• DESCRIPTION OF THE TASK:
The answer must consist only of the lines from the line with "Left View: Frigidaire" to the line with "2 CT MOISSANITE", both included, exactly as they stand below.

[Items from a dataset]
-------------------------

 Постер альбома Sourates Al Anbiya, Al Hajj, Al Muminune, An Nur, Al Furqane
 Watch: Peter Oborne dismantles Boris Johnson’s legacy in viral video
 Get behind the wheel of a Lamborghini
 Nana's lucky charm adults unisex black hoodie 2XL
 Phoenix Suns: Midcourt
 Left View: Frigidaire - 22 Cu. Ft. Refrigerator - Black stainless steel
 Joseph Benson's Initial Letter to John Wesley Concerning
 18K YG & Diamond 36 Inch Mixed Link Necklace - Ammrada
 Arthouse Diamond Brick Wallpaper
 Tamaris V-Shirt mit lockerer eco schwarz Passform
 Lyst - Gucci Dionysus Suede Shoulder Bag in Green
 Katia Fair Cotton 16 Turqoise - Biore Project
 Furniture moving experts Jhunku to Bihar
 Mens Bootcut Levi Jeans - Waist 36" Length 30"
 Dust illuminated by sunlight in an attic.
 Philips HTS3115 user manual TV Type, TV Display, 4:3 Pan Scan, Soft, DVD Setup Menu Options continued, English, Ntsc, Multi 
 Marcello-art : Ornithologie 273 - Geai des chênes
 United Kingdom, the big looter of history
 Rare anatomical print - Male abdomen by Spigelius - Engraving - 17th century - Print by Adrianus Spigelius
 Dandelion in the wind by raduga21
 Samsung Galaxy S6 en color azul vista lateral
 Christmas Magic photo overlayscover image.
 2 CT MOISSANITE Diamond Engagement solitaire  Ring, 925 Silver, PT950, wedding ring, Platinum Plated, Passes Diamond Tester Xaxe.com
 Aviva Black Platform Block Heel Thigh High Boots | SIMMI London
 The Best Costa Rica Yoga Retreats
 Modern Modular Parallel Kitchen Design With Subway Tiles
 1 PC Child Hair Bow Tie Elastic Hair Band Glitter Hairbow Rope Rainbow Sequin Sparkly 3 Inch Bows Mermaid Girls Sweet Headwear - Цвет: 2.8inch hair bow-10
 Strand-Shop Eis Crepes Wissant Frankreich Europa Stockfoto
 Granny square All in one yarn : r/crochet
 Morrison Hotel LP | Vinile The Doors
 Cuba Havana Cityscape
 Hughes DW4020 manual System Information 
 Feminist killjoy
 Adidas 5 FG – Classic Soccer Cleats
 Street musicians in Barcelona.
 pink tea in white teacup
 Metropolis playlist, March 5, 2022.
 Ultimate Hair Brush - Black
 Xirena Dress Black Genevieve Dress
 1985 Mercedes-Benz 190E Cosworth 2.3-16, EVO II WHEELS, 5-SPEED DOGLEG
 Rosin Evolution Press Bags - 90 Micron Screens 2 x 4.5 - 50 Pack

-------------------------

• WRITTEN RESPONSE:
 Left View: Frigidaire - 22 Cu. Ft. Refrigerator - Black stainless steel
 Joseph Benson's Initial Letter to John Wesley Concerning
 18K YG & Diamond 36 Inch Mixed Link Necklace - Ammrada
 Arthouse Diamond Brick Wallpaper
 Tamaris V-Shirt mit lockerer eco schwarz Passform
 Lyst - Gucci Dionysus Suede Shoulder Bag in Green
 Katia Fair Cotton 16 Turqoise - Biore Project
 Furniture moving experts Jhunku to Bihar
 Mens Bootcut Levi Jeans - Waist 36" Length 30"
 Dust illuminated by sunlight in an attic.
 Philips HTS3115 user manual TV Type, TV Display, 4:3 Pan Scan, Soft, DVD Setup Menu Options continued, English, Ntsc, Multi 
 Marcello-art : Ornithologie 273 - Geai des chênes
 United Kingdom, the big looter of history
 Rare anatomical print - Male abdomen by Spigelius - Engraving - 17th century - Print by Adrianus Spigelius
 Dandelion in the wind by raduga21
 Samsung Galaxy S6 en color azul vista lateral
 Christmas Magic photo overlayscover image.
 2 CT MOISSANITE Diamond Engagement solitaire  Ring, 925 Silver, PT950, wedding ring, Platinum Plated, Passes Diamond Tester Xaxe.com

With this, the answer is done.